**PROBLEM STATEMENT**
Without any pictures, restate the full set of records below exactly.

**SUPPLIED MATERIAL**
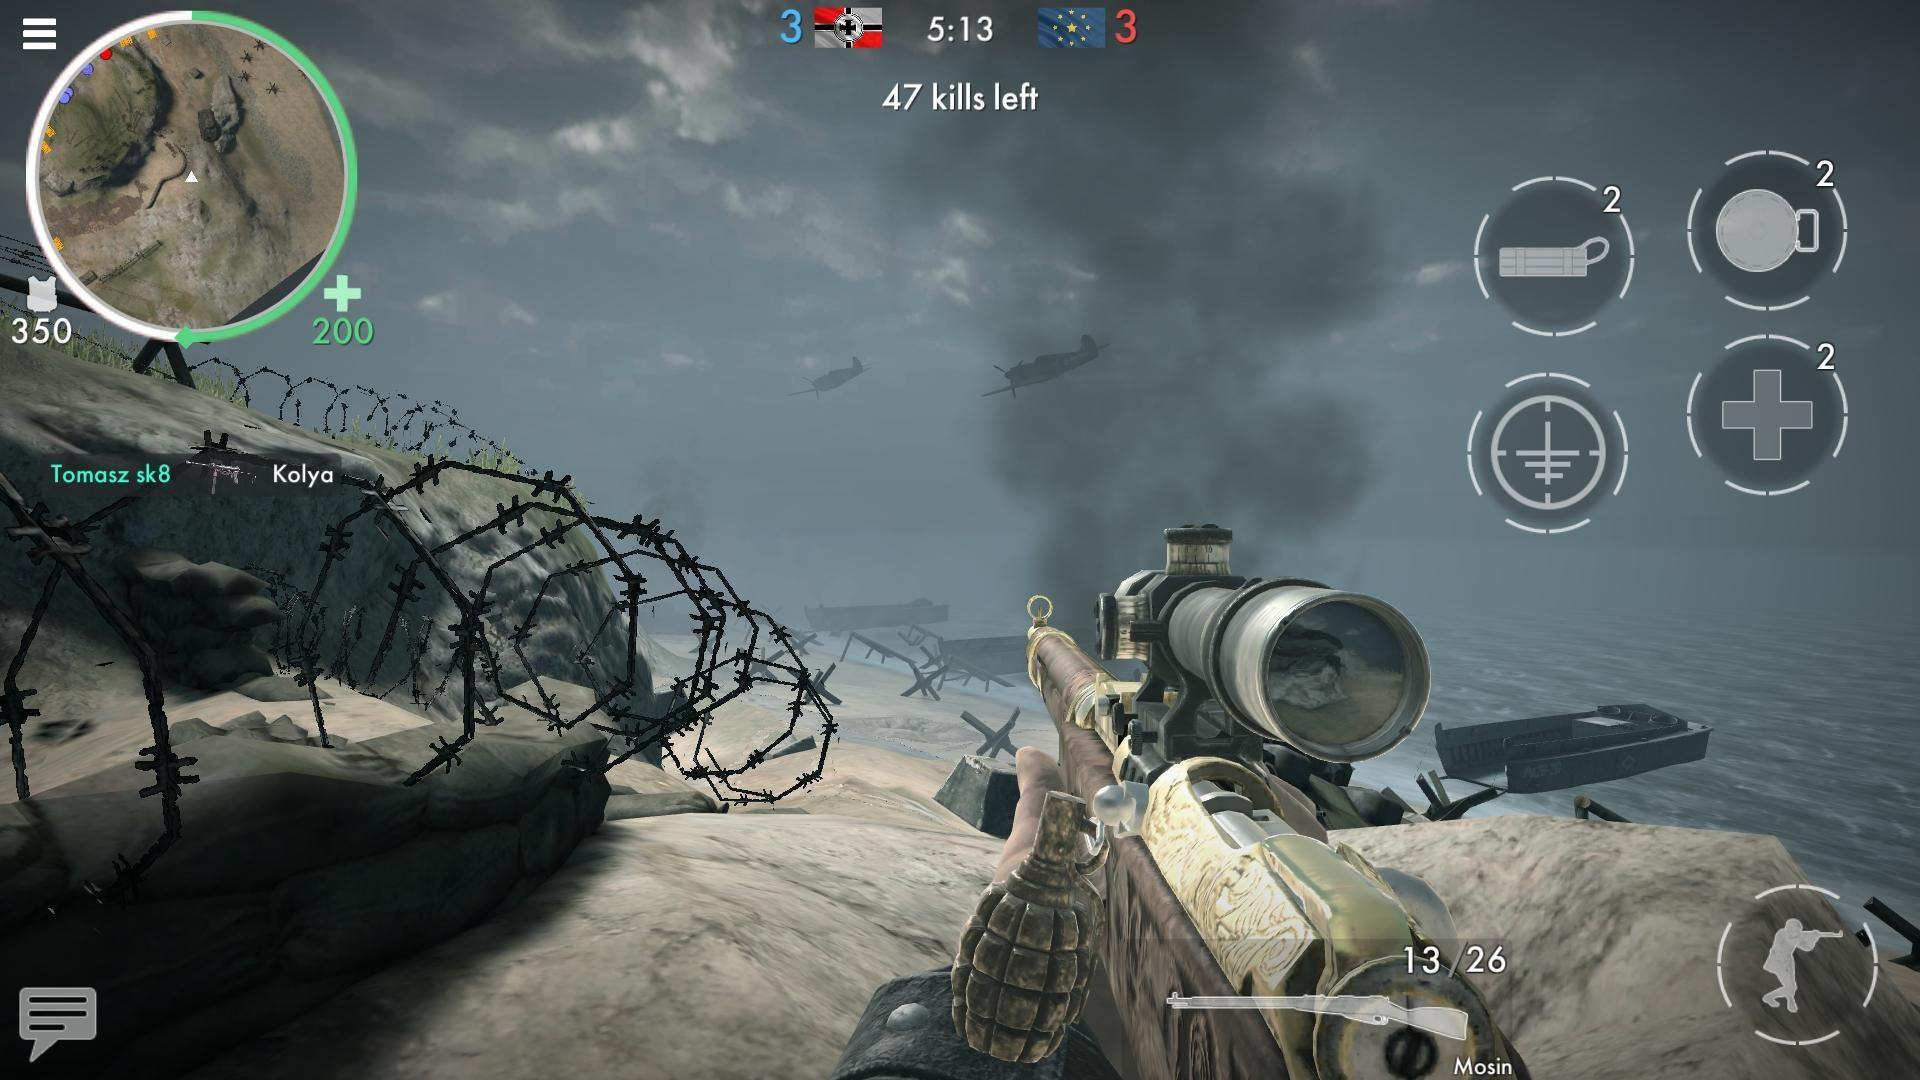 世界战争 - 英雄 游戏截图1
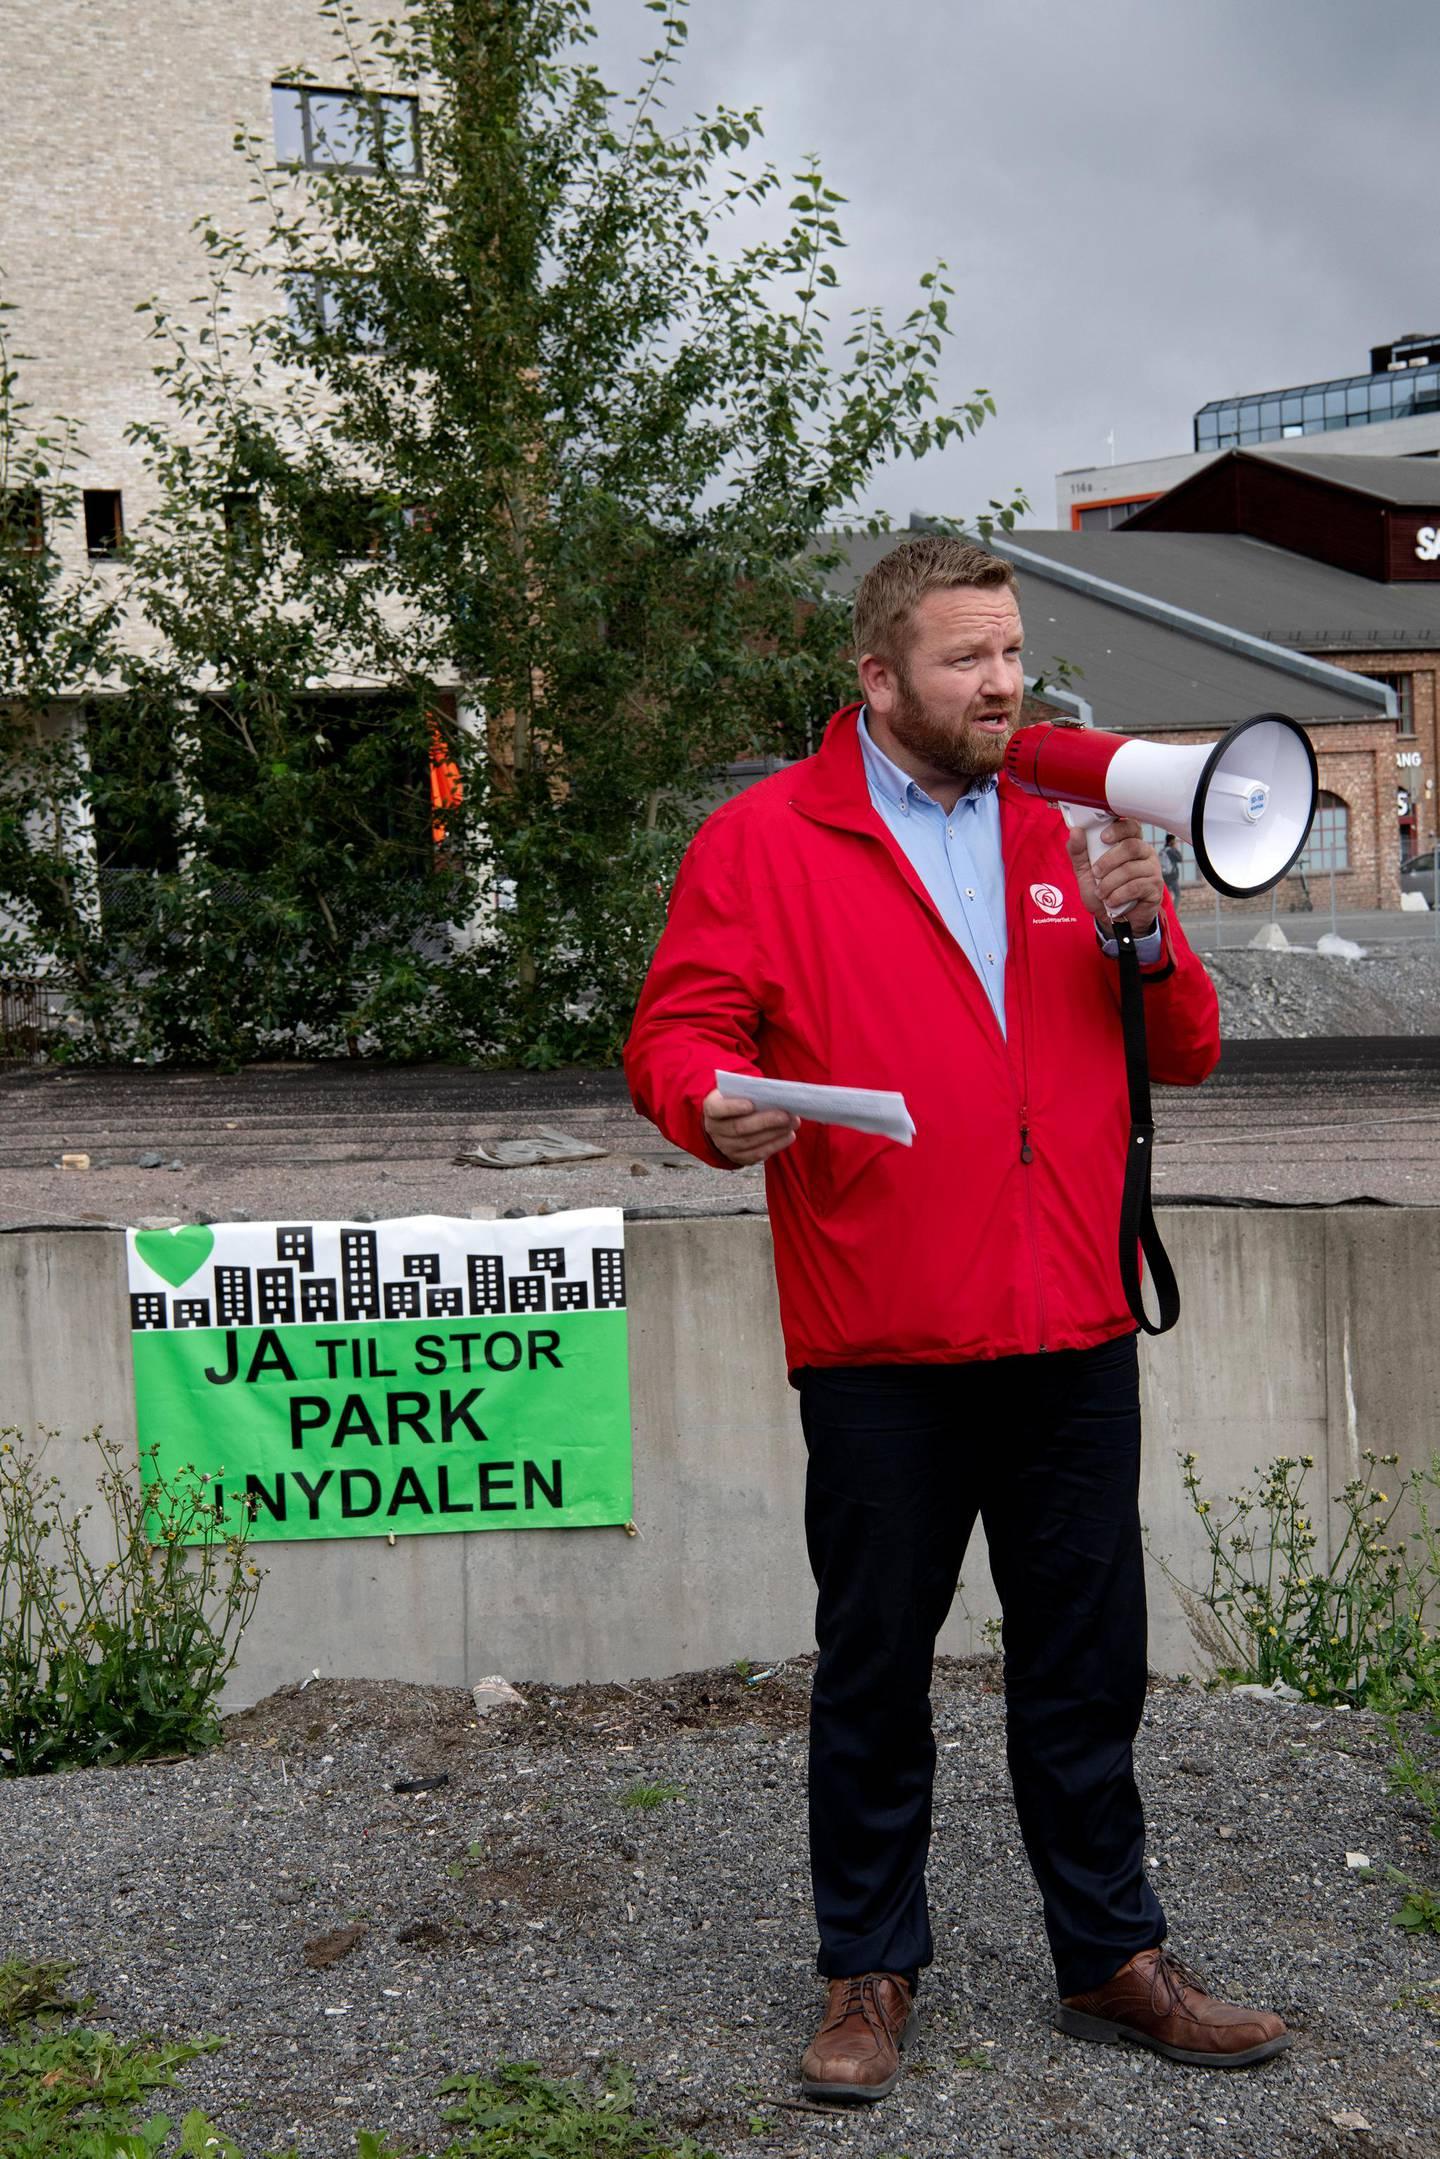 """Ja Til Park i Nydalen inviterer til lunsj i det """"grønne"""" med sentrale politiske partier i Oslo om opprettelse av park i Nydalen.   Leder i byutviklingskomiteen og fra Oslo Arbeiderpartii: Anders Røberg-Larsen."""
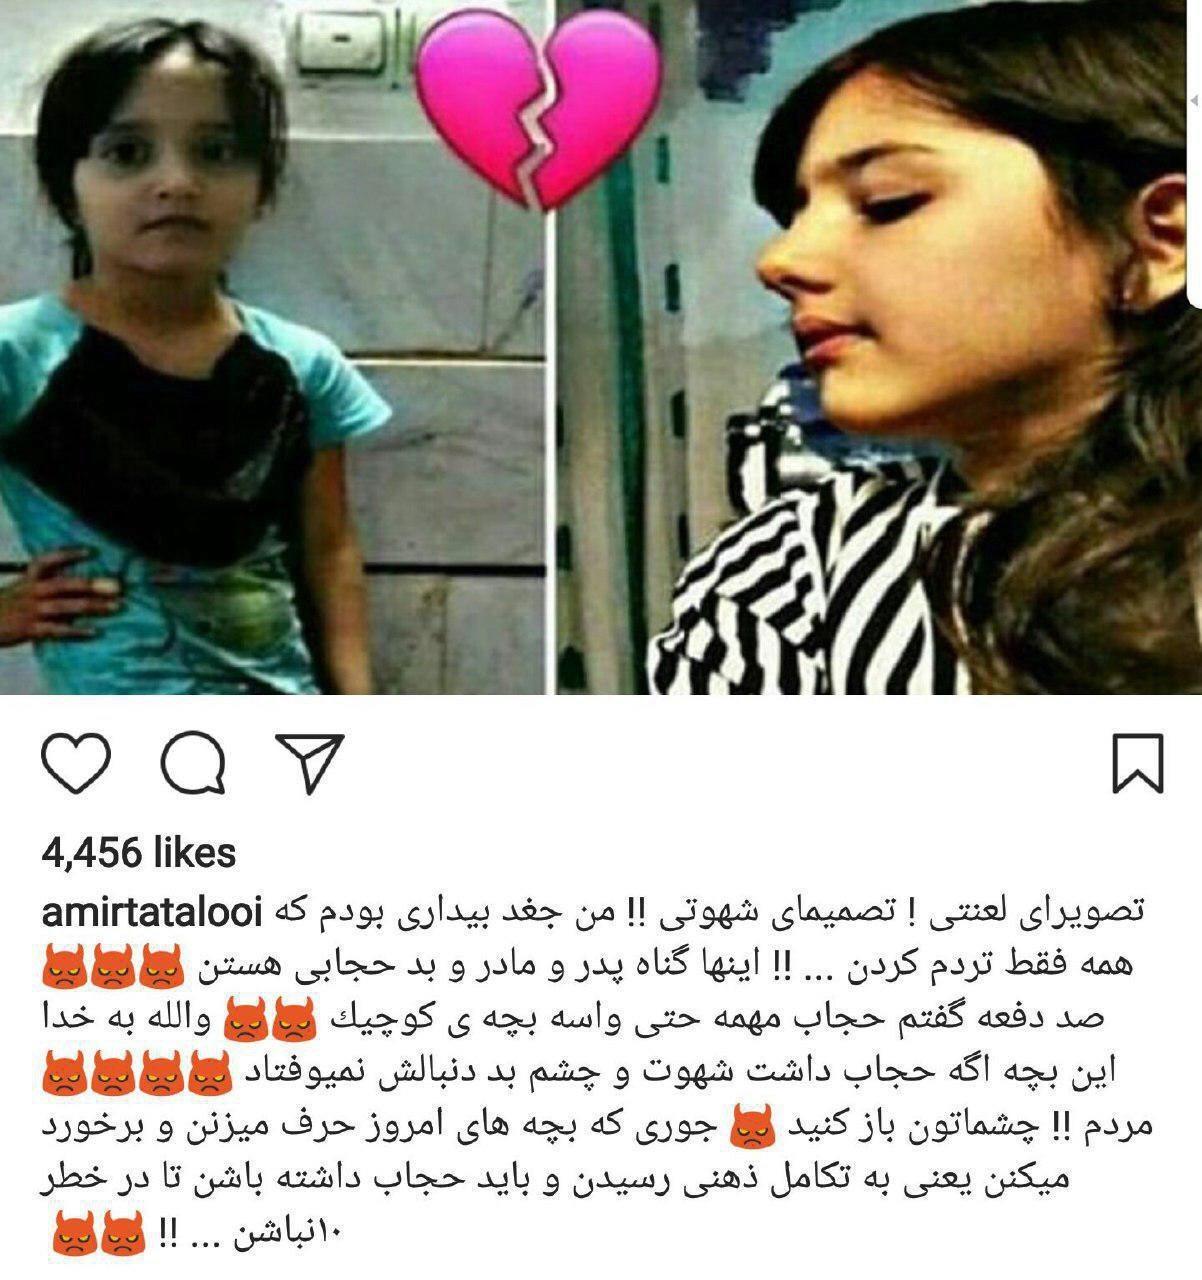 واکنش تلو به قتل آتنا اصلانی/ اگر حجاب داشت این طور نمیشد +عکس
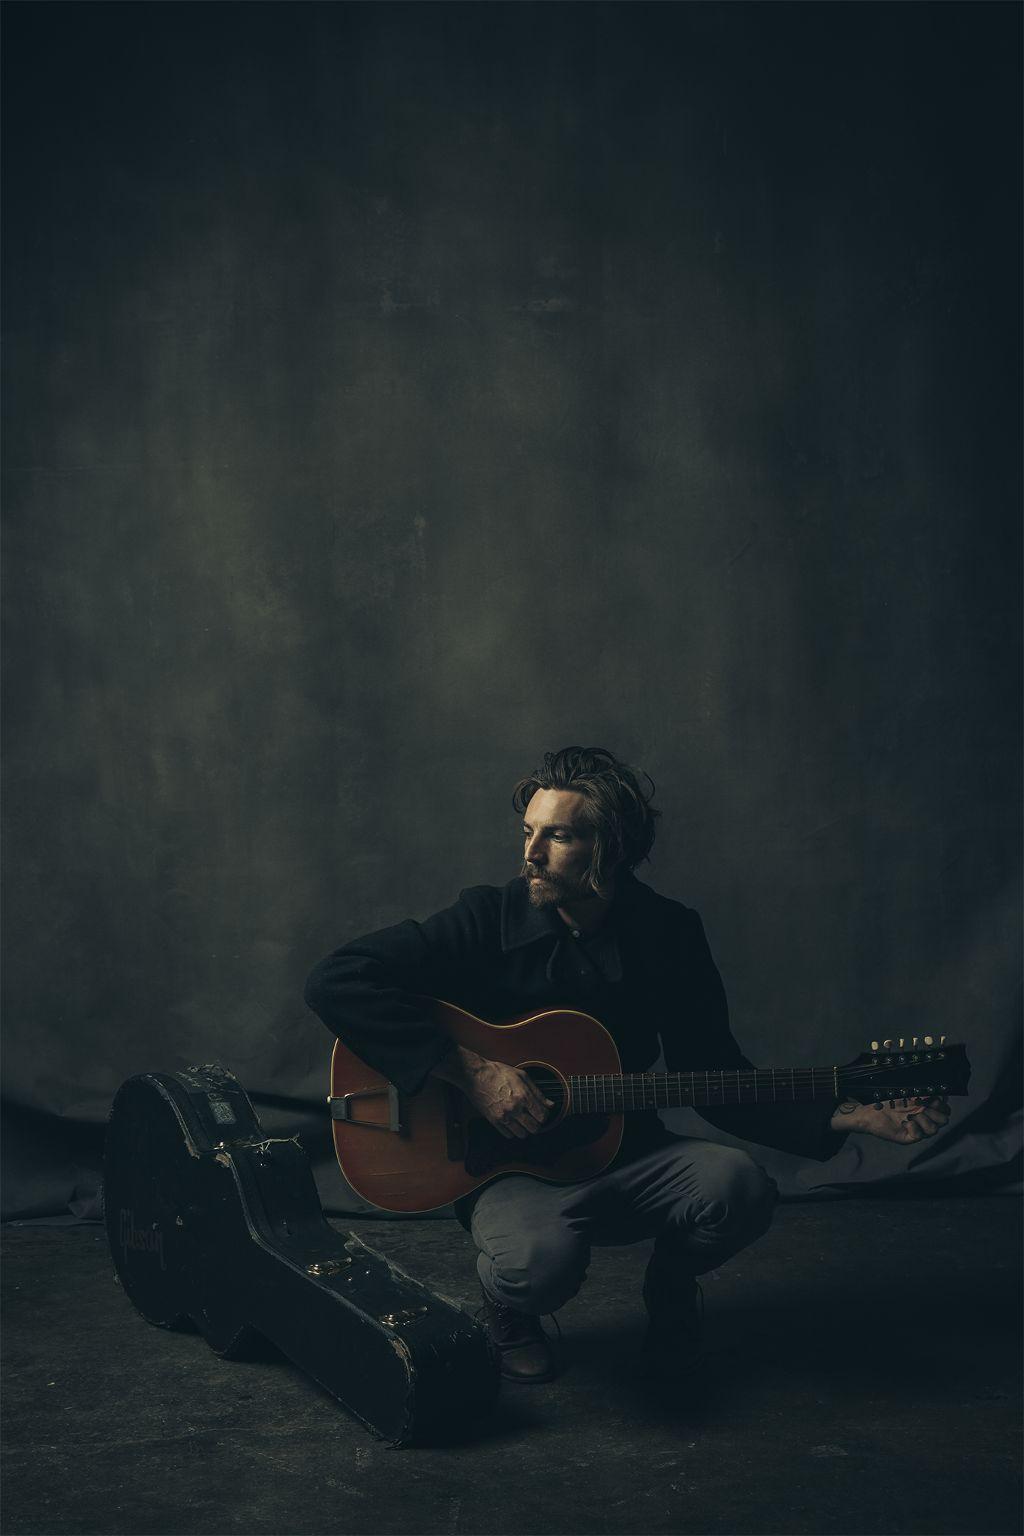 Jeremy Cowart photography
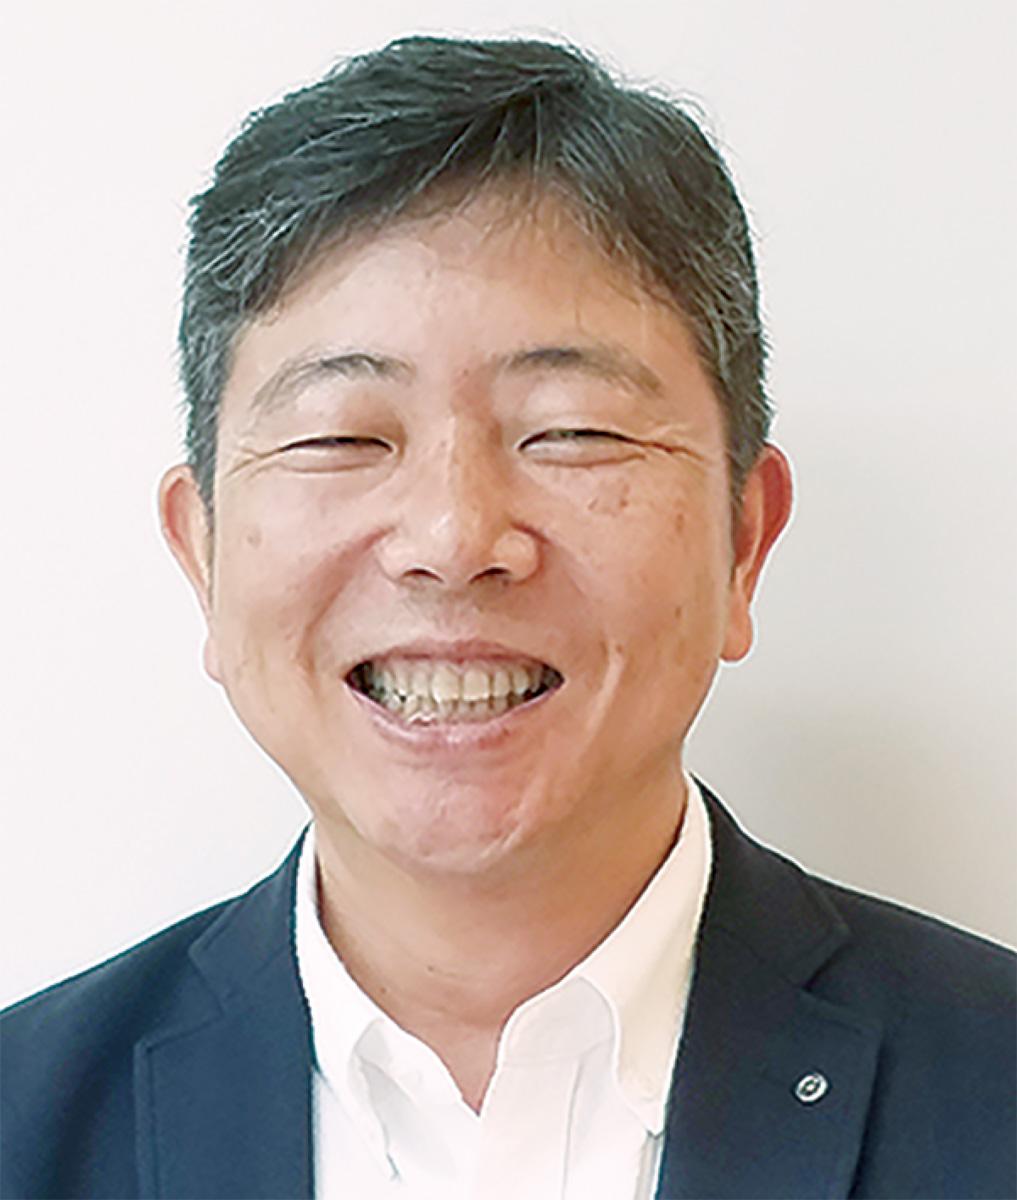 菅原祐一さん(48)23代会長柏倉建設株式会社

**SOLVED EXERCISE**
 世界战争 - 英雄 游戏截图1
 """Ja Til Park i Nydalen inviterer til lunsj i det """"grønne"""" med sentrale politiske partier i Oslo om opprettelse av park i Nydalen.   Leder i byutviklingskomiteen og fra Oslo Arbeiderpartii: Anders Røberg-Larsen."""
 واکنش تلو به قتل آتنا اصلانی/ اگر حجاب داشت این طور نمیشد +عکس
 Jeremy Cowart photography
 菅原祐一さん(48)23代会長柏倉建設株式会社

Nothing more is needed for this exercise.